È un Cristo agonizzante sulla croce, ma non sul Calvario bensì in un bosco di betulle. È splendido quel giardino. Circondato da altrettanto splendido giardino di oleandri delle pareti laterali opera di Stefano Arienti. Quegli alberi che si stagliano con i loro tronchi bianchi danno un senso di primavera e di purezza unici. La primavera stagione che si sta prepotentemente affacciando in questi giorni di marzo e che forse, presi dalla paura del contagio, rischiamo di non riuscire a vedere. La Croce di Mastrovito è piantata li in mezzo a quel bosco di betulle, nei giardini delle nostre belle case.

Nel silenzio spettrale di queste notti, solcato dall’urlo delle sirene delle ambulanze, la Pasqua ci sembra così lontana, eppure sarà solo fra tre giorni, ma ci sembra una eternità.

don Gianluca Gaiardi
incaricato diocesano per i Beni culturali




Intorno all’opera/2 – Mani che lavorano

Davide Tolasi, artista contemporaneo, originario della nostra diocesi, ha da poco terminato una interessante installazione su un muro di recinzione di una piccola fabbrichetta nella zona industriale del suo paese d’origine, in occasione di una biennale “casalinga” con più di 100 giovani artisti. Racconta di mani che lavorano, un filo rosso le lega tutte insieme. Gli antichi mestieri: dal fabbro alla sarta, dal panettiere al falegname.

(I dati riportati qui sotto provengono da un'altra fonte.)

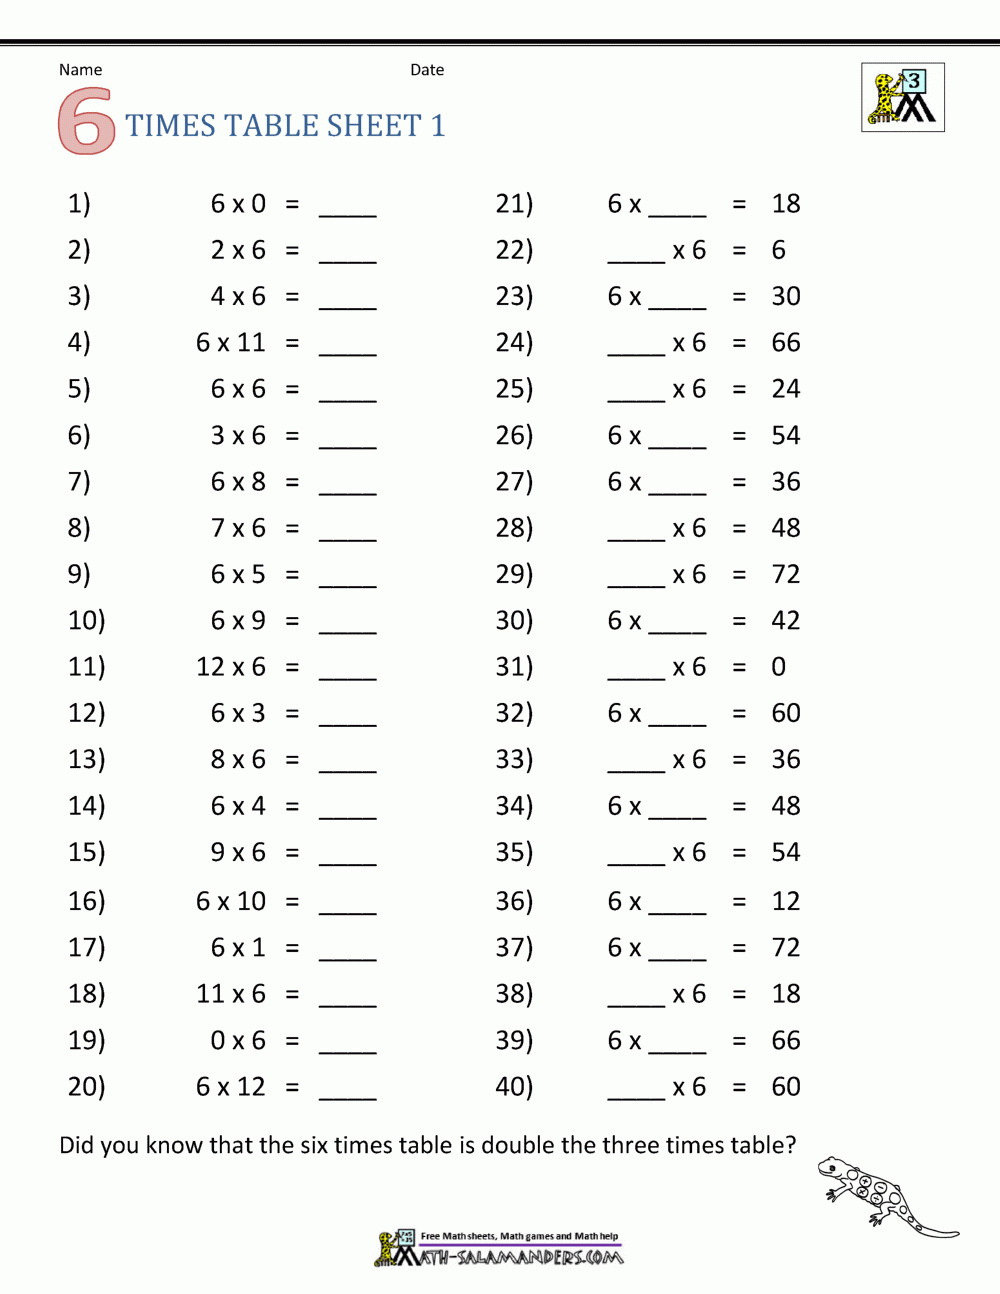 Multiplication Drill Sheets 3Rd Grade within 6 Multiplication Printable

Quei vecchi lavori e le mani callose di anziane persone, gli uomini e le donne tra i più colpiti da questa pandemia. Il rischio è questo, come ci racconta il sindaco di Bergamo Giorgio Gori, quello di perdere un’intera generazione, quella della memoria. Piace sapere che un giovane artista contemporaneo abbia saputo raccogliere questa sapienza, per trasmetterla alle nuove generazioni, prima che scompaia. Nell’era dei social, dove le mani scorrono veloci sfiorando schermi digitali, queste operazioni illustrano un mondo che del passato conserva i manufatti più pregiati insieme a: profumi, rumori.